BLUEMental Misstep, Mana Leak, Spell Pierce, Frost Titan, Sphinx of Jwar Isle, Deceiver Exarch, Phyrexian Metamorph, Phantasmal Image, Viral Drake, Corrupted Conscience, Steel Sabotage, Deprive, Mind Control, Aether Adept, Vapor Snare.

BLACKDespise, Inquisition of Kozilek, Duress, Mind Rot, Phyrexian Crusader, Smallpox, Royal Assassin, Grave Titan, Reassembling Skeleton, Entomber Exarch, Vengeful Pharaoh, Dismember, Liliana Vess, Go for the Throat, Liliana’s Specter.

REDCunning Sparkmage, Slagstorm, Chandra, the Firebrand, Chandra Nalaar, Koth of the Hammer, Kargan Dragonlord, Spikeshot Elder, Manic Vandal, Searing Blaze, Staggershock, Goblin Ruinblaster, Demolish, Ricochet Trap, Pyroclasm, Lightning Bolt.

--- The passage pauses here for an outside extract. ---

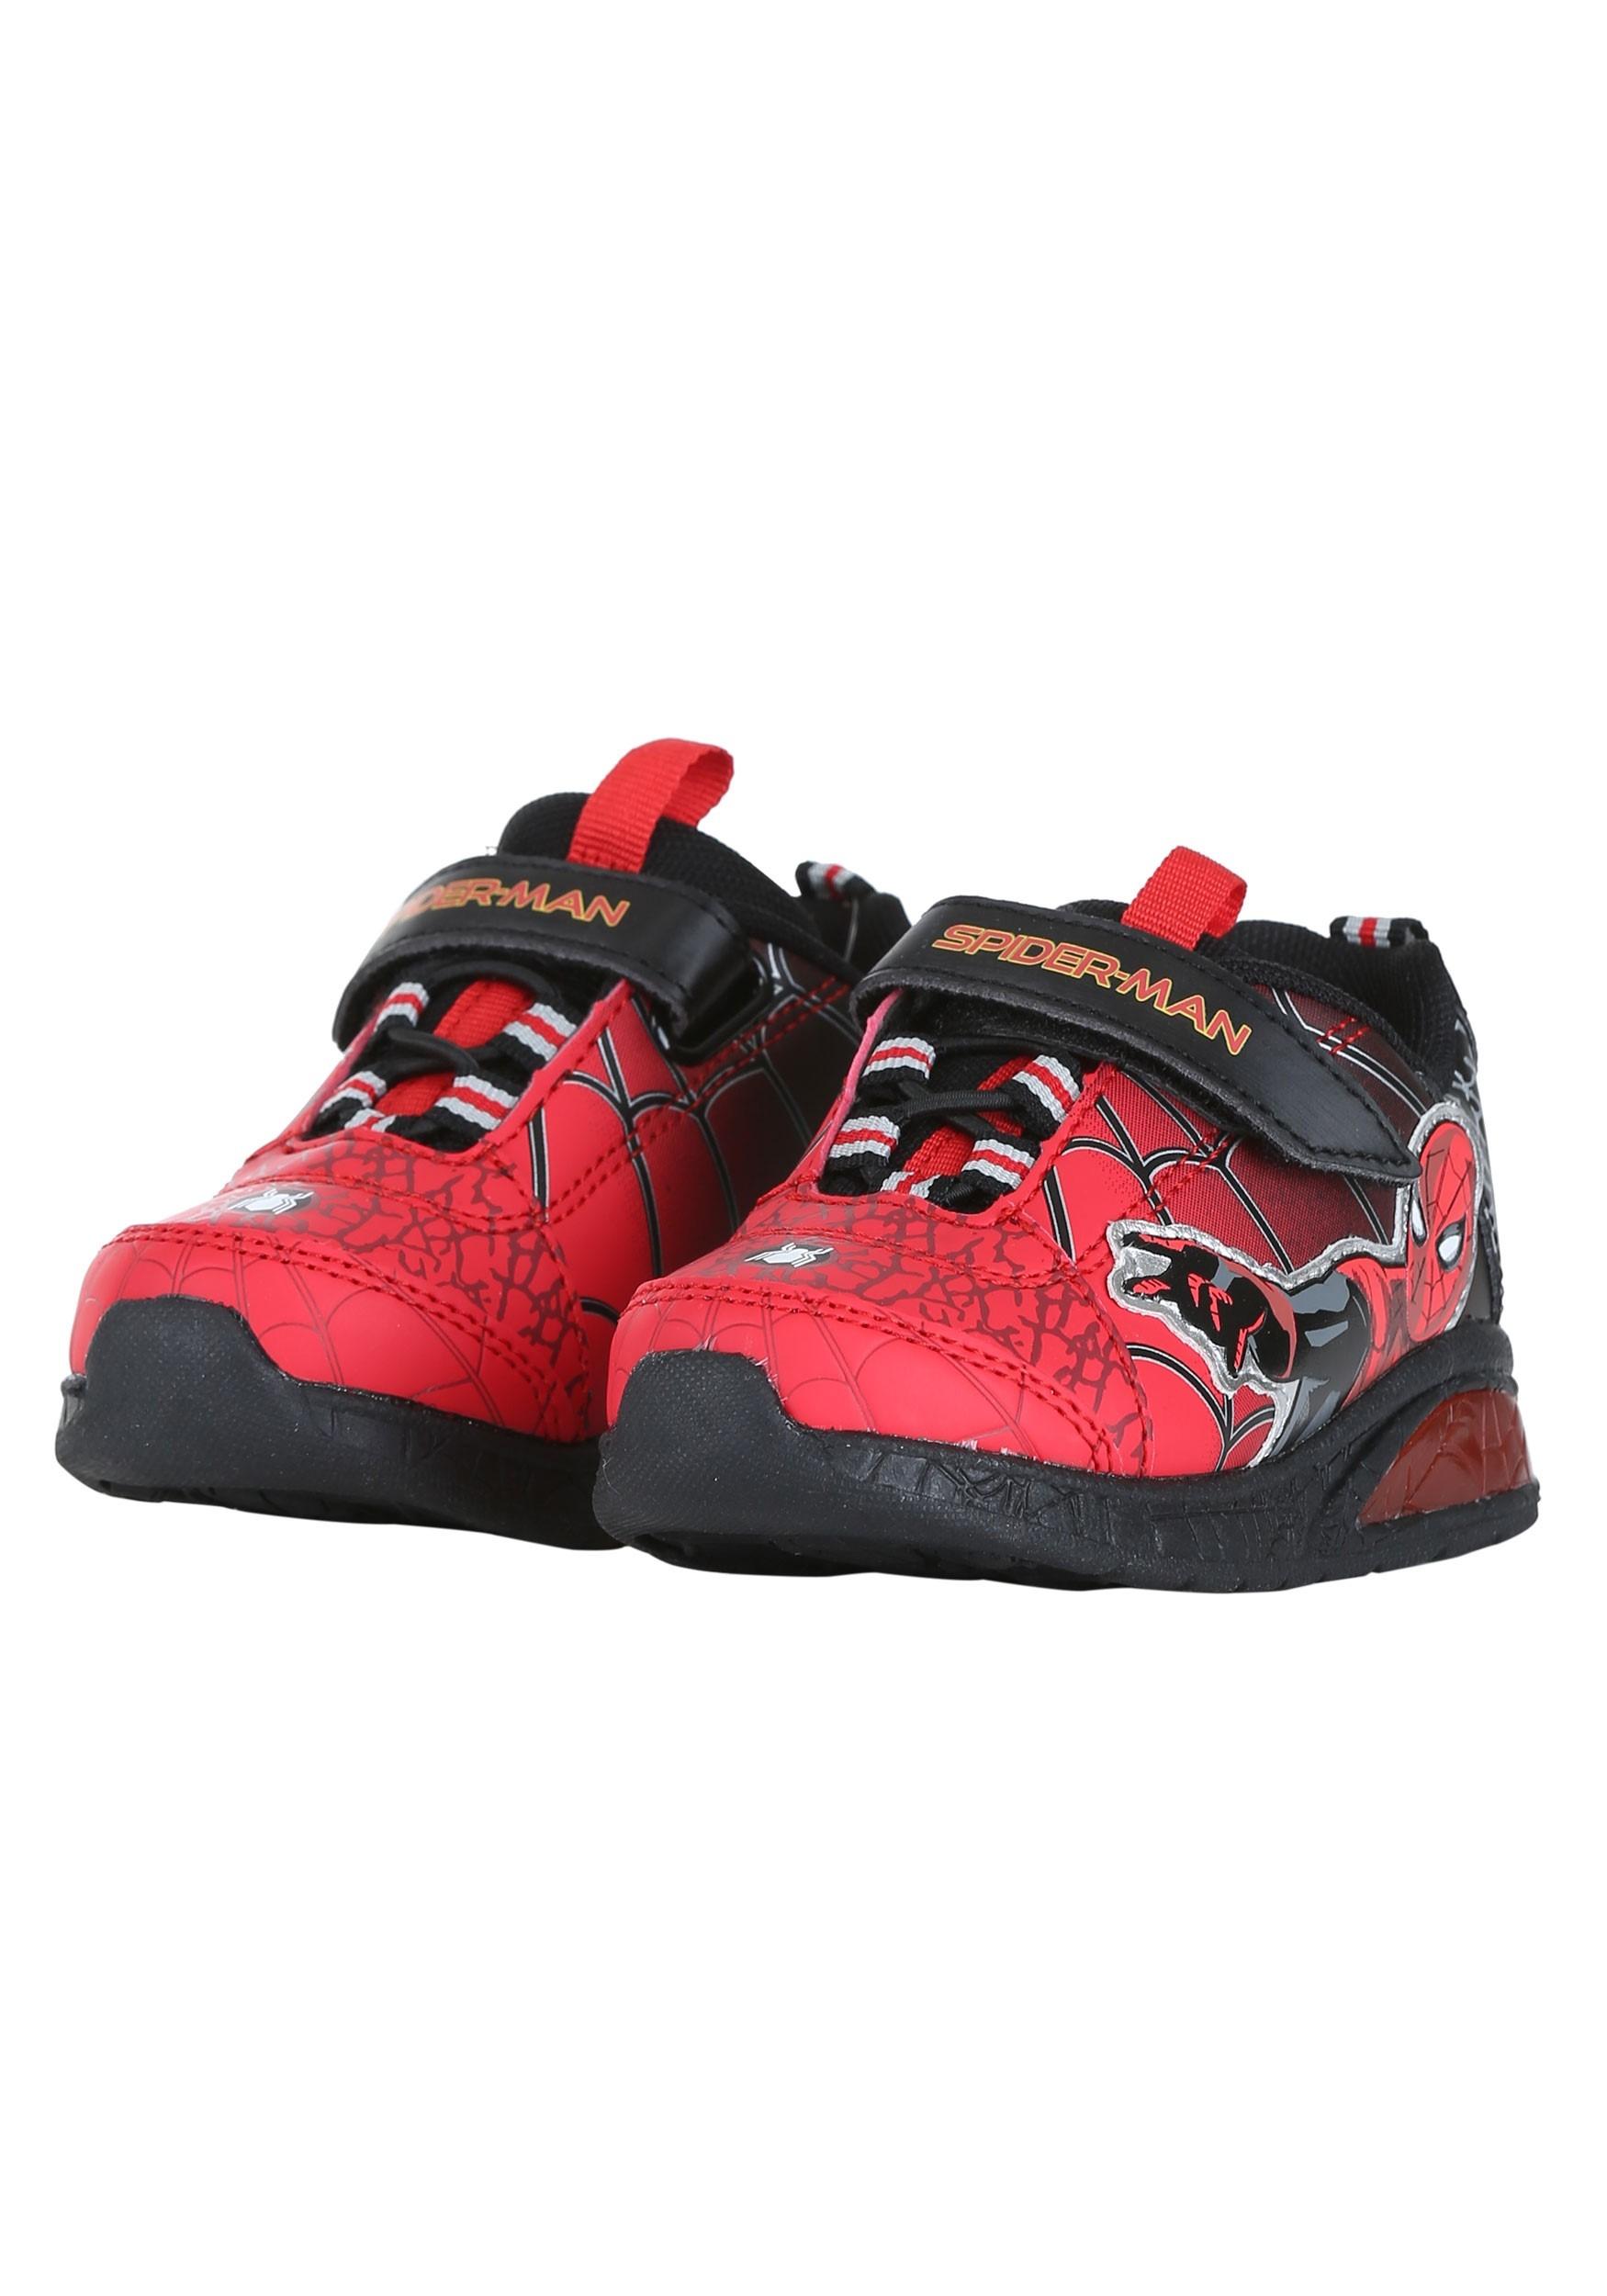 Spider-Man Lighted Athletic Shoe for Kids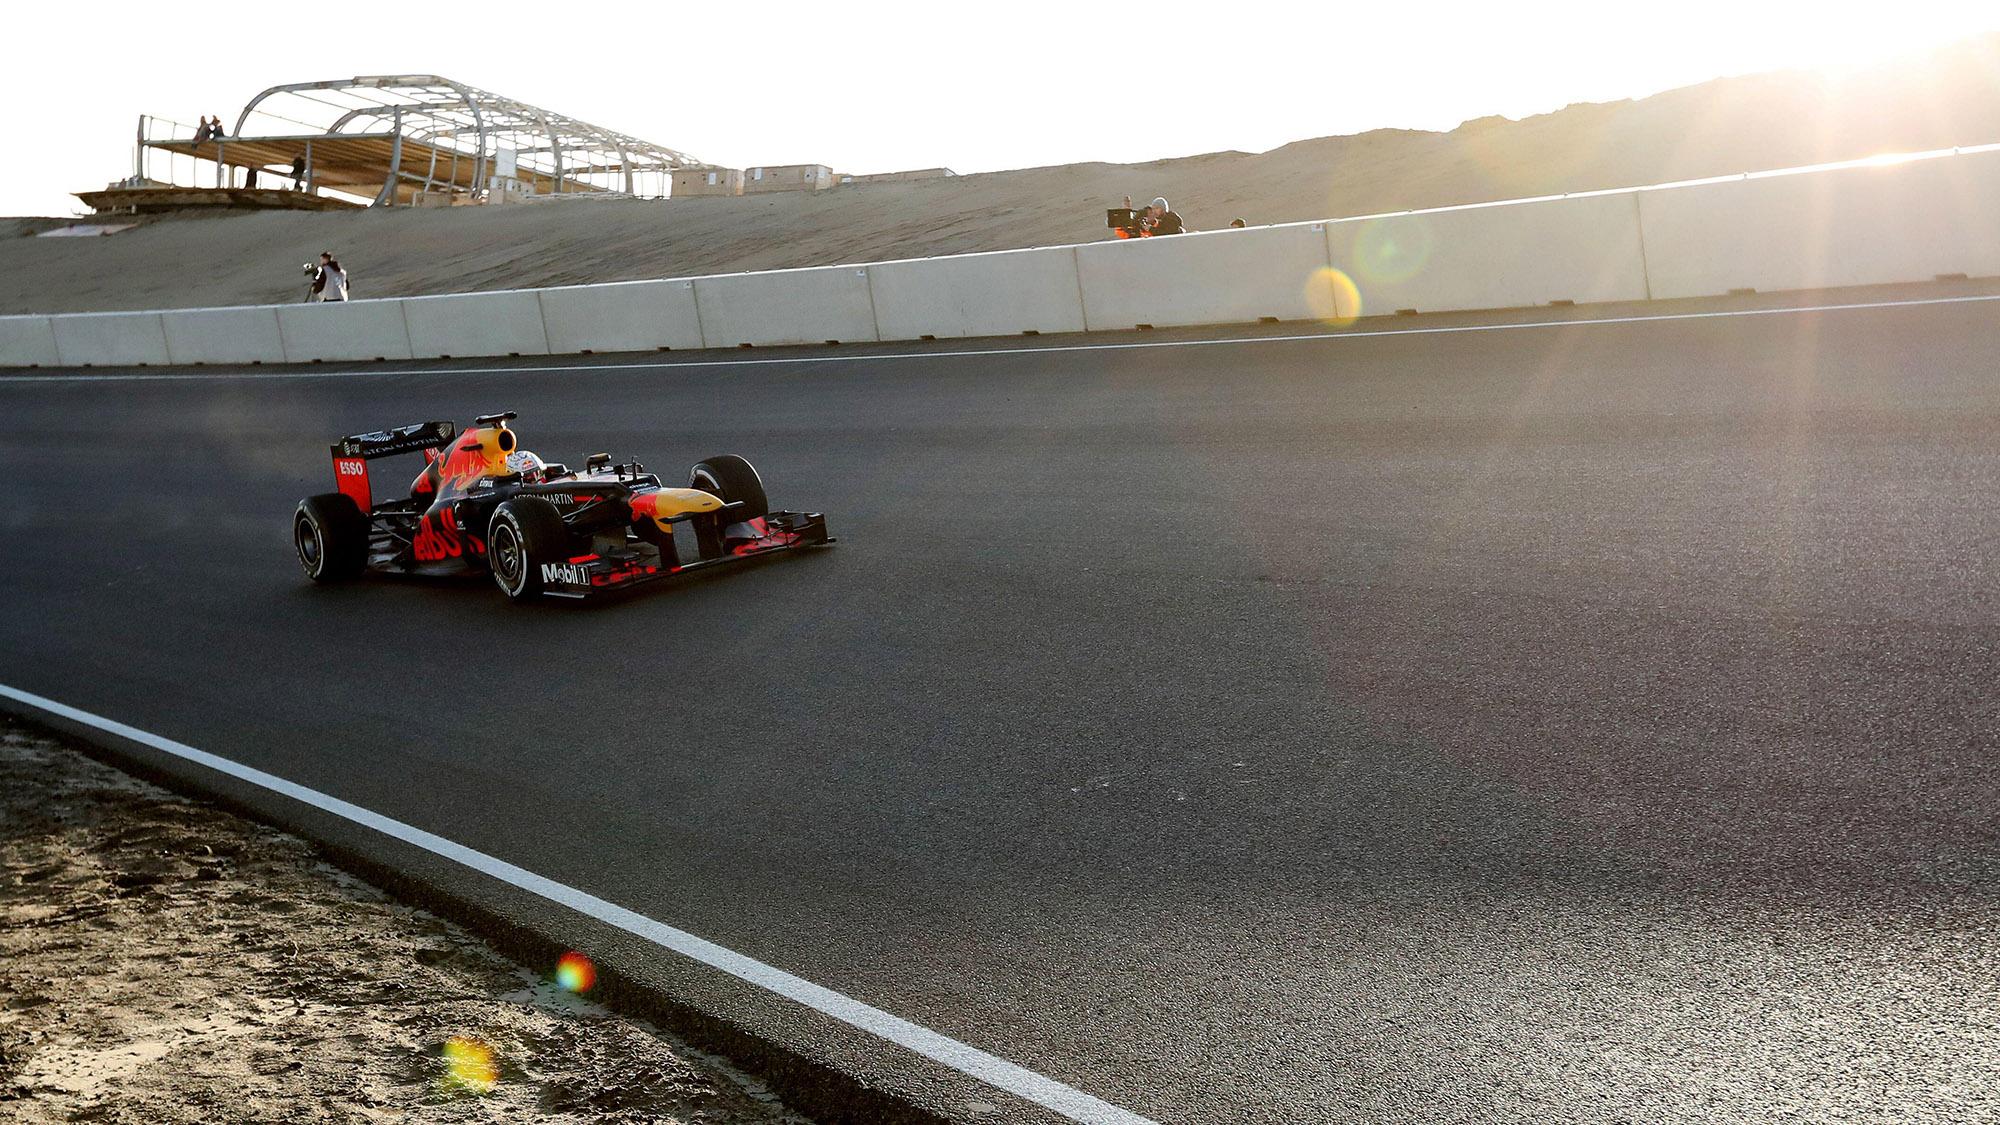 Max Verstappen on banked corner at Zandvoort

GREENNoxious Revival, Garruk Wildspeaker, Garruk Primal Hunter, Thrun, the Last Troll, Brutalizer Exarch, Jade Mage, Beast Within, Obstinate Baloth, Awakening Zone, Leatherback Baloth, Vines of Vastwood, Viridian Corrupter, Acidic Slime, River Boa, Llanowar Elves.

COLORLESS/ARTIFACT/MULTICOLOREmrakul, the Aeons Torn, Quicksilver Amulet, Ratchet Bomb, Prototype Portal, Mimic Vat, Tezzeret, Agent of Bolas, Venser, the Sojourner, Wurmcoil Engine, Sword of Body and Mind, Precursor Golem, Phyrexian Revoker, Contagion Clasp, Contagion Engine, All Is Dust, Batterskull.

LANDSCelestial Colonnade, Stirring Wildwood, Raging Ravine, Lavaclaw Reaches, Creeping Tar Pit, Dread Statuary, Inkmoth Nexus, Buried Ruin, Tectonic Edge, Mystifying Maze, Bojuka Bog, Khalni Garden, Sejiri Steppe, Halimar Depths, Smoldering Spires.

That’ll do for now. I do hope you check out 15-card highlander and enjoy brewing up decks for this little format—there’s a lot more depth than you might think in a 15-card library!